Об этом связист и без окрика комбата прекрасно знал и потому схватил трубку и, прижав ее к уху, настойчиво постучал по рычажку аппарата, а затем, произнеся:
— Да, обрыв, — закинул увесистую катушку с проводом за плечо и, схватив свой автомат, лежащий рядом, зашагал к выходу.
Восковцев проводил его сочувственным взглядом, поскольку понимал, что тому предстоит искать место обрыва провода среди насквозь прошиваемых осколками бомб и снарядов развалин, и стал подниматься на наблюдательный пункт. При этом, как бы ища оправдание своему приказу связисту идти на возможную смерть, он рассуждал, что каждого воина по смертельно опасным дорогам войны ведёт некая своя стезя. Как этого связиста, обеспечивающего связью батальон, рискуя жизнью при устранении обрывов, как Забарелу, перед которым стоит задача добывать сведения о противнике на занятой тем территории, как пехотинца, вступающего в яростную рукопашную схватку с врагом, как моряка, лётчика, командира и рядового… Но у всех у них одна задача — победить и изгнать фашистов с советской земли…

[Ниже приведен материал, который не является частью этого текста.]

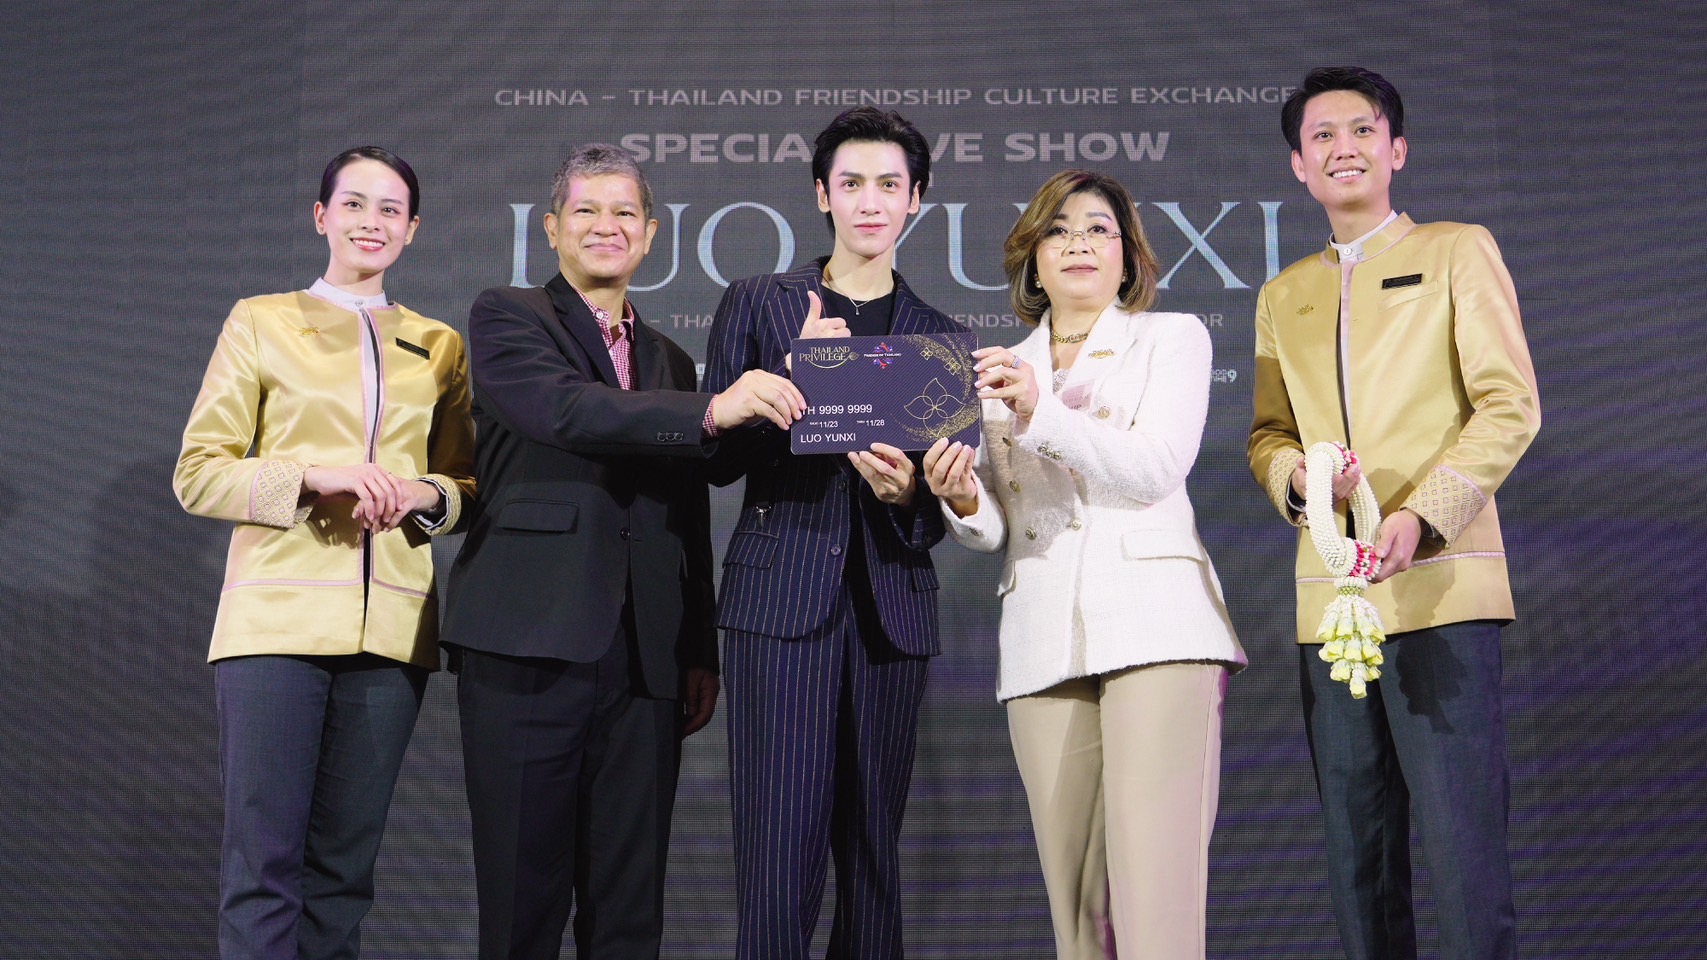 Luo Yunxi presented with ‘Friends of Thailand recognition

Но брошенные ему навстречу слова Ловчева: «Крушат всё кругом» прервали его рассуждения, и он, подойдя к развернувшемуся к нему капитану, произнес:
— Сейчас наши ударят по отступившим танкам и штурмовикам.
— Было бы хорошо, а то могут опомниться и вновь пойти.
И действительно, не успел затихнуть грохот взрывов, как в дальних развалинах начали рваться наши снаряды, и это продолжалось с полчаса.
Затем разом наступила тишина, которая сохранялась непривычно долго. Лишь монотонно гудело в ушах, что мешало людям подумать о чем-нибудь мирском, кроме как о войне. За это время комбат и Ловчев за чаем с сухарями обсудили, к каким наградам представить того или иного бойца. Скоро, к их радости, вернулся и связист, который деловито доложил, что обрыв им устранён и теперь он может соединить комбата с Первым. Но Восковцев, несмотря на то что ему хотелось вернуться к разговору с комполка, лишь похвалил бойца за восстановление связи и поручил сообщить в полк о ликвидации обрыва. Он был уверен, что об этом будет доложено комполка, который захочет продолжить прерванный разговор и объяснит, как ему дальше поступить.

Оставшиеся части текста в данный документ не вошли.